Wallick's first memoir "Subtle Implications" encompasses his life's journey, with his family and friends, ceaselessly researching and experiencing the reason for life and finding understanding with the study of physics and metaphysics, through his academic pursuits and independent study.

Understanding the mystery of schizophrenia has been the greatest challenge of Wallick's life and he has explored every avenue of discovery possible, even experiencing hypnotic regression in an attempt to find some answers for an otherwise unjustifiable affliction in lives he and his brother had shared as Vikings.

"This process is called hypnotic regression, and through the induction of a trance state it helps people mentally travel back in their lives to the source of their problem," Wallick said.

The book also touches on his prison experience, following a crime he committed as a student at University of Michigan.

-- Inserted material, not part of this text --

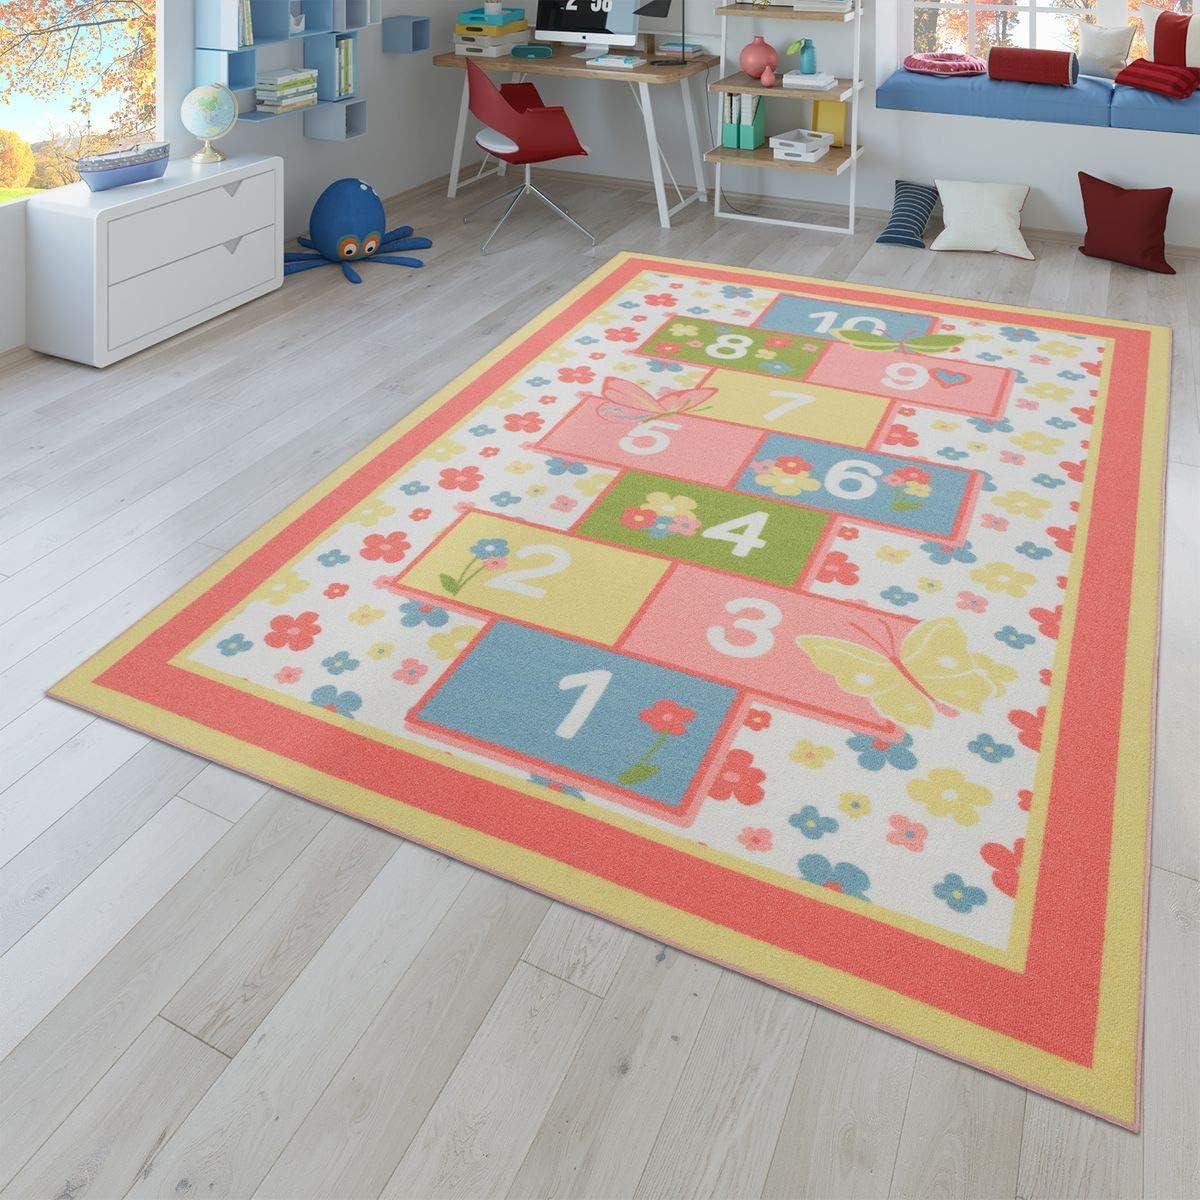 Color Rosa y Blanco 80 x 150 cm dise/ño de Corona con Texto en alem/án TT Home Alfombra para habitaci/ón Infantil Lavable

"Prison is a self-perpetuating phenomenon where we as a society punish those whose life experience has by the nature of its context led them to behave in ways that leads them there," Wallick said.

"Subtle Implications"
By: Robert A. Wallick
ISBN: 978-1-4918-0672-2
Retail price $23.95
Available in paperback, hardcover and e-book.

About the author
Robert A. Wallick resides in Harbor Springs, Michigan where he is a high school pole vault coach and has always been an outdoor person. He enjoys studying and researching philosophical/metaphysical thought and remains dedicated to the pursuit of spiritual truth. Wallick retired from general contracting when the recession caused a severe lack of work and because of a progressing case of rheumatoid arthritis. His academic career includes study at Northwestern Michigan College, Michigan Technological University and the University of Michigan.